= Total known weight =

Term used by meteorite collectors to indicate the combined weight of named meteorites

Total known weight (TKW), also total known mass, is a term used mainly by dealers and meteorite collectors to indicate the combined weight of all known pieces from a single named meteorite. The total known mass of a named meteorite is a fraction of the mass of the original meteoroid that entered Earth's atmosphere to produce the meteorite (also called post-atmospheric mass).

==Mass and TKW==

Meteoroids that produce meteorites ablate as they pass through the atmosphere and lose mass. Thus, the total mass of a meteorite fall will always be lower than that of the original meteoroid (neglecting the mass of any terrestrial oxygen added to meteorites during the formation of their fusion crust). The upper limit to the "total known mass" of a meteorite is therefore the mass of the meteorite fall.

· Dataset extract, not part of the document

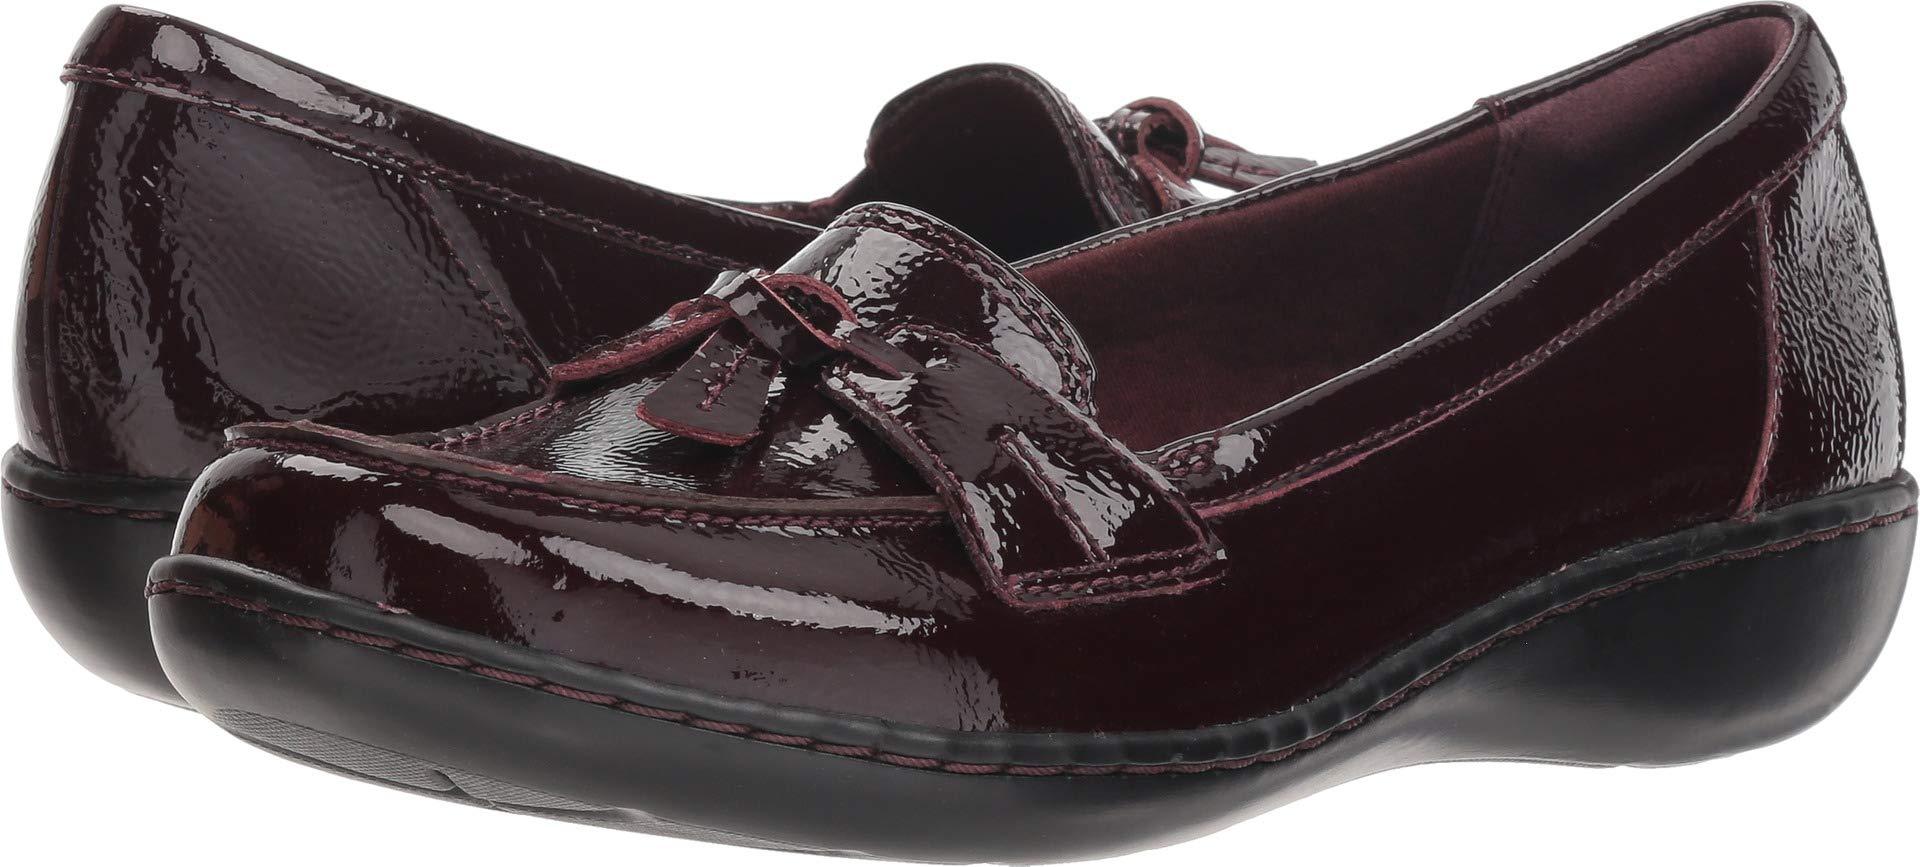 CLARKS Women's Ashland Bubble Burgundy Patent Leather 9.5 B US B (M)

Several factors can cause the "total known mass" of a meteorite to be less than the mass of the fall. Meteorite falls frequently occur as showers of stones (see main article), produced when the parent meteoroid fragments. Only in cases where 100% of any such fragments are recovered, could the "total known mass" be the same as the mass of the fall. As previously undiscovered fragments are found, the "total known mass" could, in principle, rise. However, this is complicated by the method by which meteorites are named. Historically (before the 1970s), every meteorite was given a simple geographical name. The total number of known meteorites was small and it was generally a simple matter to determine when a newly found fragment was "paired" to a previously discovered meteorite. When pairing could be established, the new fragment would not be given a new name, and the "total known mass" of the original meteorite would increase. But, recent discoveries of arid regions containing large concentrations of meteorites have resulted in new rules for meteorite nomenclature. In these cases, individual meteorites are numbered, and every newly discovered fragment receives a unique number, even if there is a strong case that the new fragment is paired with an earlier discovered meteorite. In these cases, the "total known mass" of the meteorite is fixed at the time of the find, and cannot increase.

==Use==
Low TKW means less materials for scientists and collectors. The total known weight is a key factor in pricing, especially with rare meteorite types.